Connecting to Azure Blob Storage

This section contains an overview of Azure Blob Storage.

General information

Field Description
Data source Azure Blob Storage
Supported versions N/A
Connection string wasbs://
Packaged?

Yes

Certified?

Yes

Supported features
Analyze data

Yes

Archive breaking records

Yes

Estimate job

Yes

Pushdown

No

Processing capabilities
Spark agent

Yes

Yarn agent

Yes

Minimum user permissions

In order for Collibra DQ to access your Azure Blob Storage containers, you need the following user permissions:

  • ROLE_ADMIN in Collibra DQ.
  • Read access on your Blob Storage containers to create a basic Azure Blob connection.
  • Read and write access to the Blob Storage containers where breaking records are archived from Collibra DQ. This is only necessary if you use the archive breaking records feature.

Recommended and required connection properties

Required Connection Property Type Value

Yes

Name Text The unique name used for your connection.

Yes

Connection URL String

The connection string value of your ADLS connection.

wasbs://<container>@<account name>.dfs.core.windows.net/<path>/file name>

Tip See the Connection URL elements section for more information on the syntax.

No

Target Agent Text The Agent used to submit your DQ Job.

Yes

Auth Type Option

The method to authenticate your connection.

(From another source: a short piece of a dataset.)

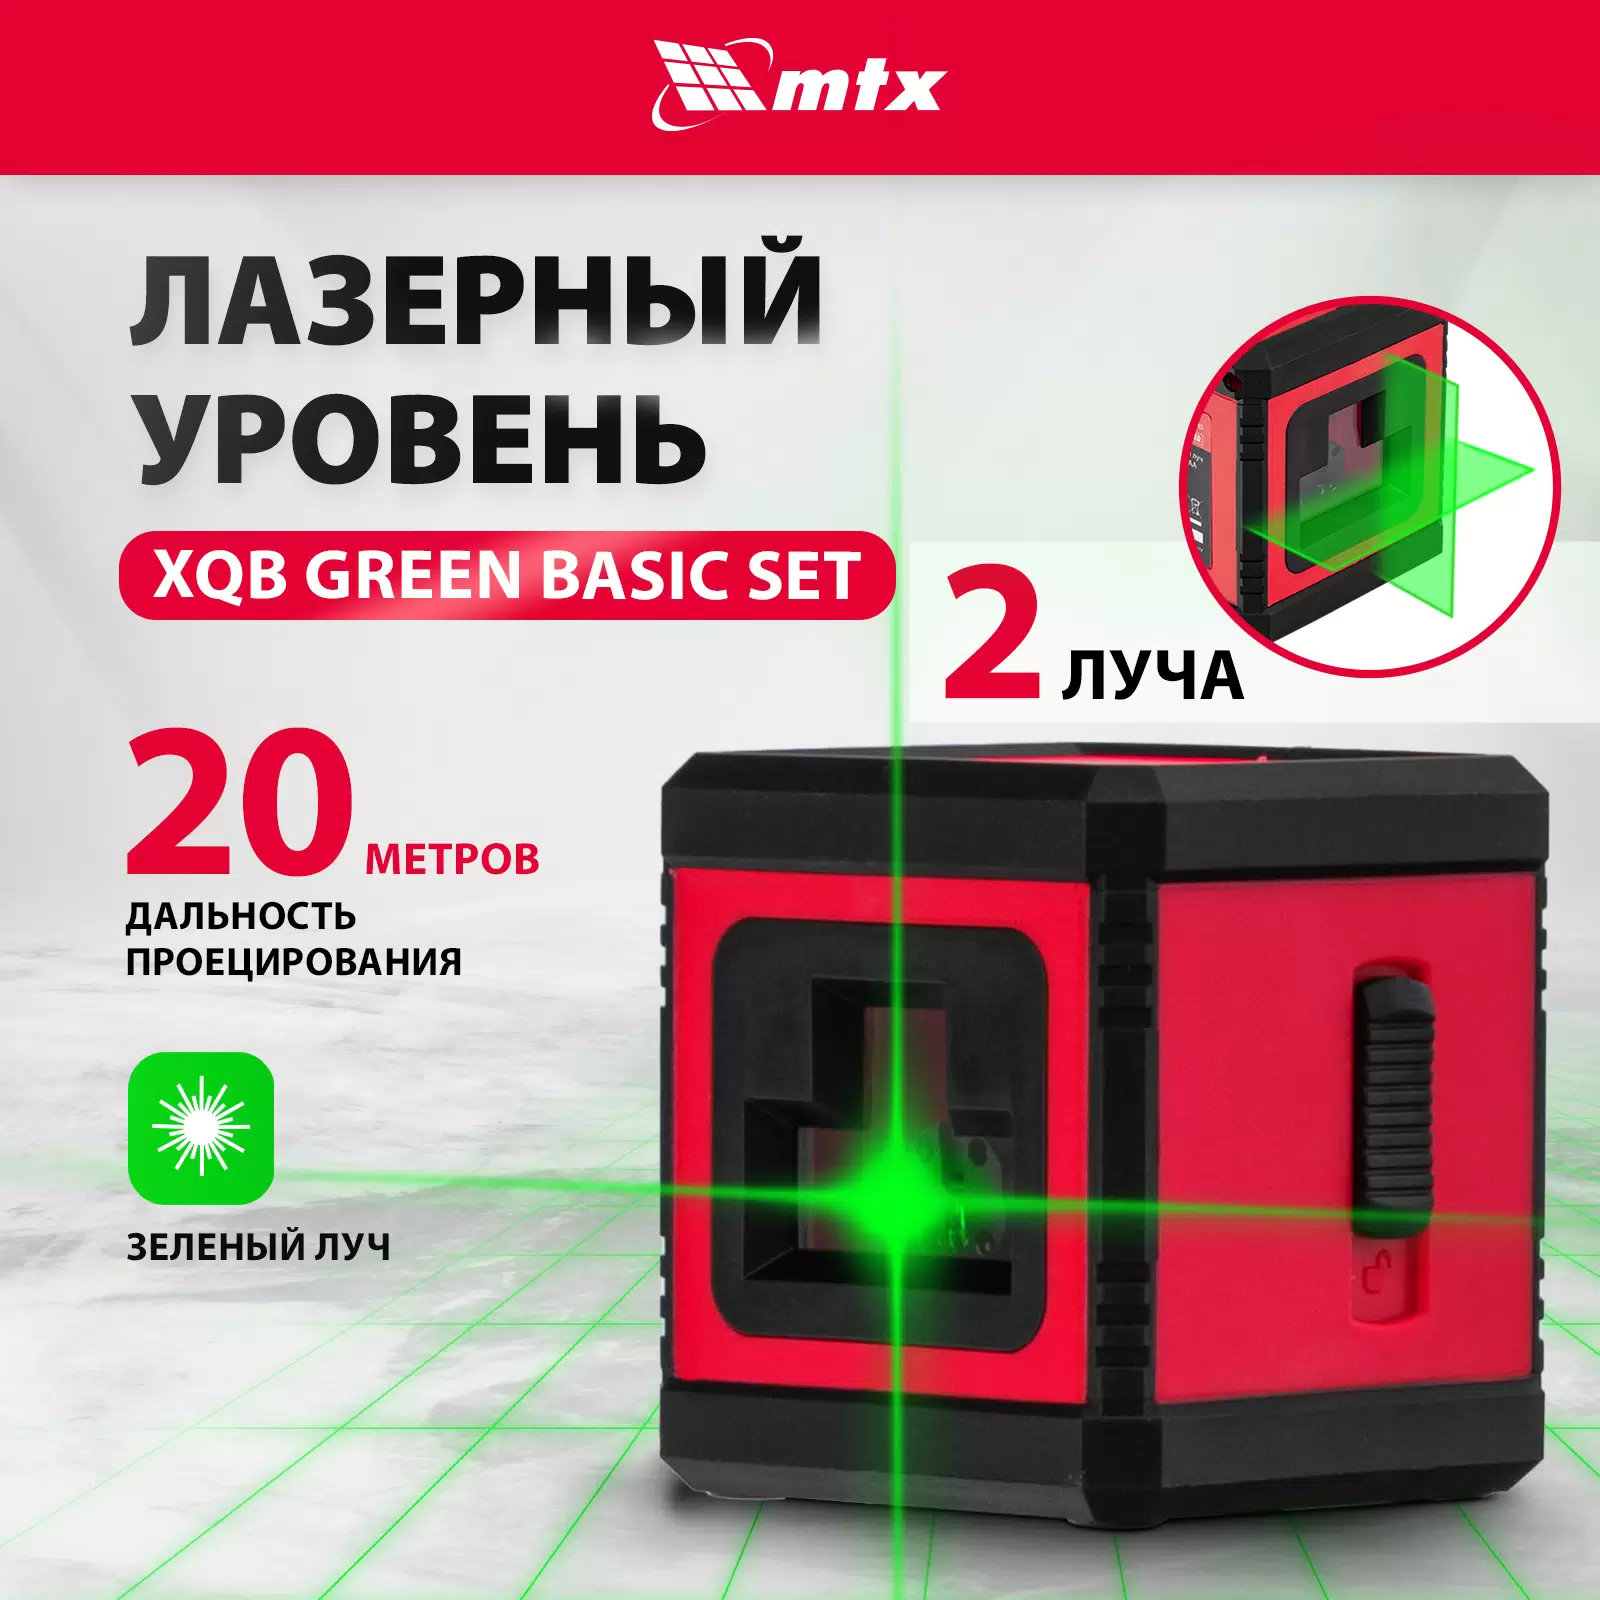 Лазерный уровень MTX XQB GREEN Basic SET, 20 м, зеленый луч, батарейки, резьба 1/4" 35019 - VLARNIKA в Донецке
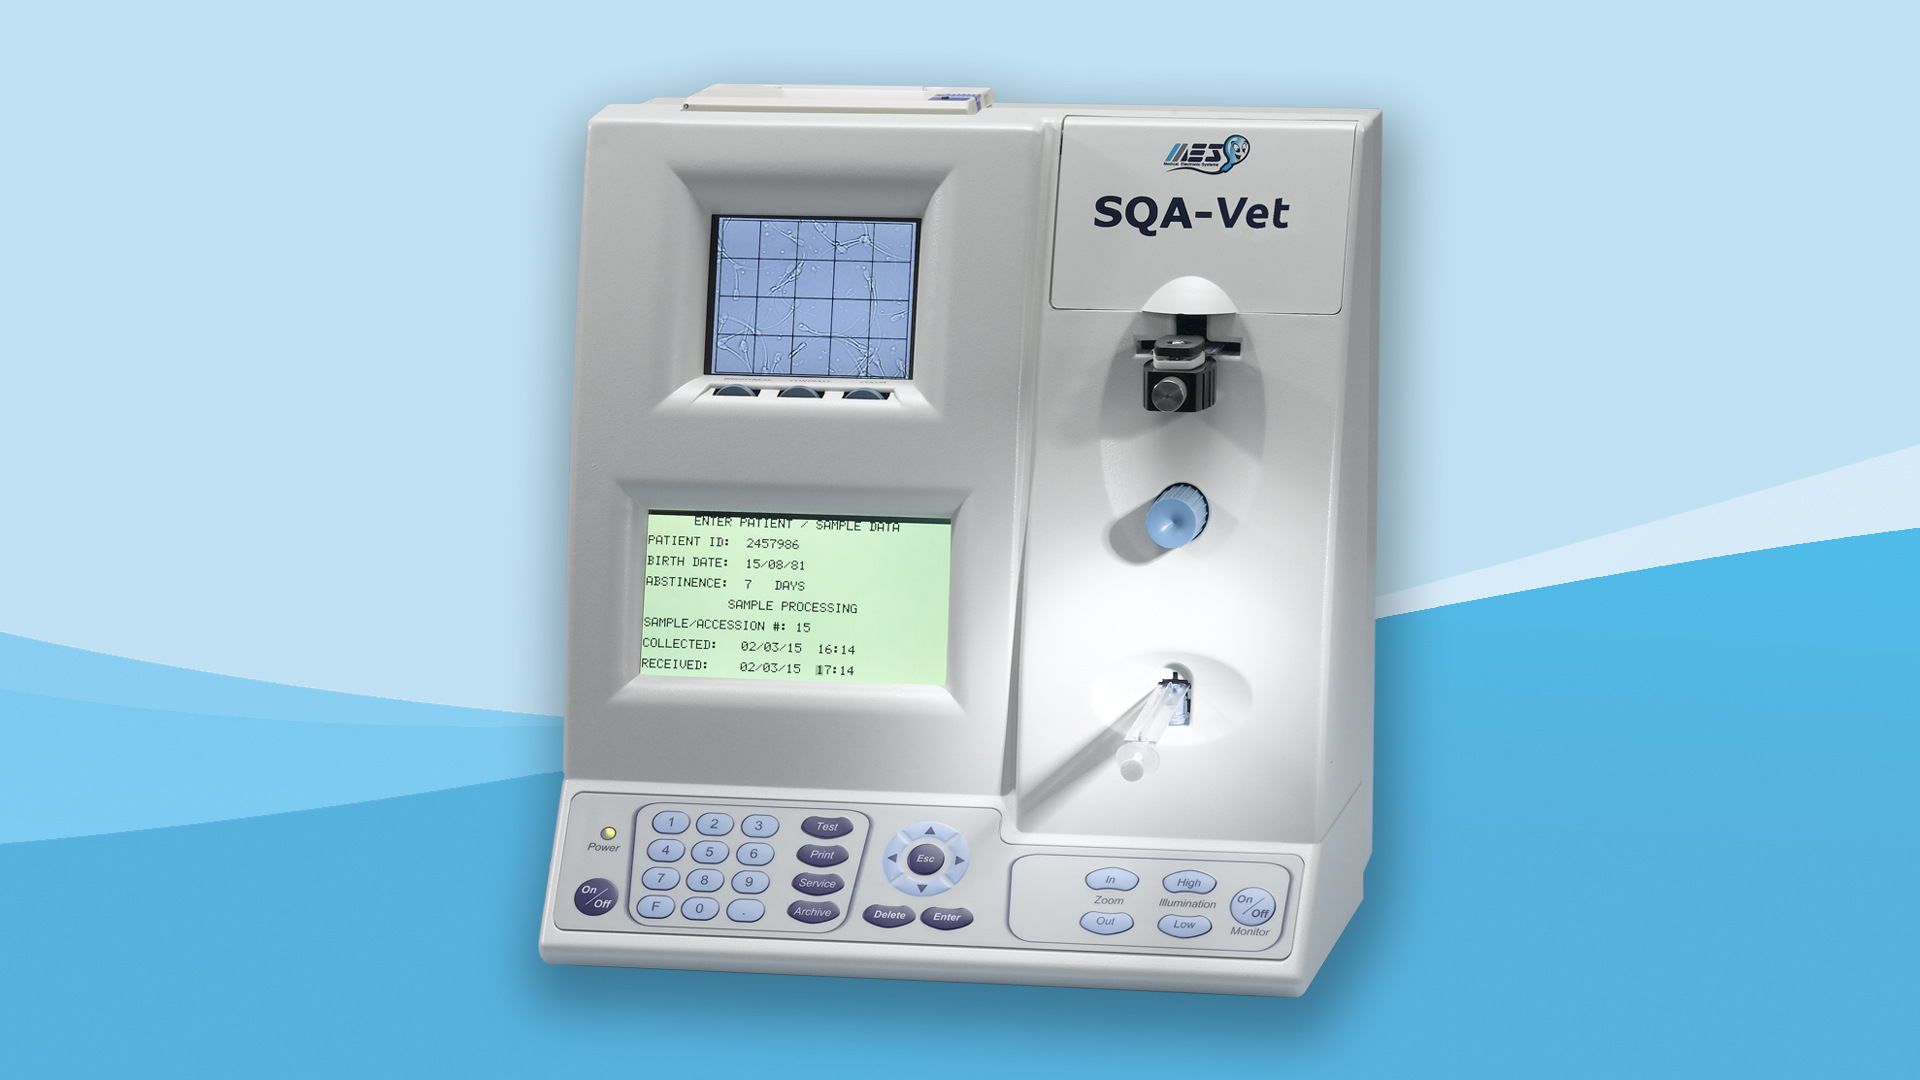 Автоматический анализатор качества спермы для животных SQA-V Vet — измерение и расчет показателей согласно ВОЗ 5-издания, визуализация и передача результатов на компьютер

Note The configuration requirements are different depending on the Auth Type you select. See Authentication for more details on available authentication types.

No

Archive Breaking Records Location Option When you select this option and have followed the steps, you can export CSV files to the Azure Blob location.

No

Driver Properties String

The configurable driver properties for your connection. Multiple properties must be comma delimited. For example, abc=123,test=true

Connection URL elements

Field Description
File scheme The wasbs protocol is used as the scheme identifier.
Container The parent location that holds the files and folders. This is the same as file system in the Azure Data Lake Storage service.
Account name The name given to your storage account during creation.
Path A forward slash delimited / representation of the directory structure.
File name The name of the individual file. This parameter is optional when you address a directory.

Authentication

Select an authentication type from the dropdown menu. The options available in the dropdown menu are the currently supported authentication types for this data source.

Field Description
Storage Account The Azure Storage account name.
Key The authentication key for the storage account.
Storage Account The Azure Storage account name.
Shared Access Signature The string value of the Azure Blob shared access signature.

Known limitations

  • There is a limitation with Azure Blob connections where a missing folder error occurs when you try to load files from Explorer.
    • A possible one-time workaround is to create the /opt/owl/previewcache folder before you load files from your Azure Blob connection.
  • Currently, the WASBS driver is not supported in Standalone Collibra DQ environments. However, support for WASBS is planned for an upcoming Collibra DQ release.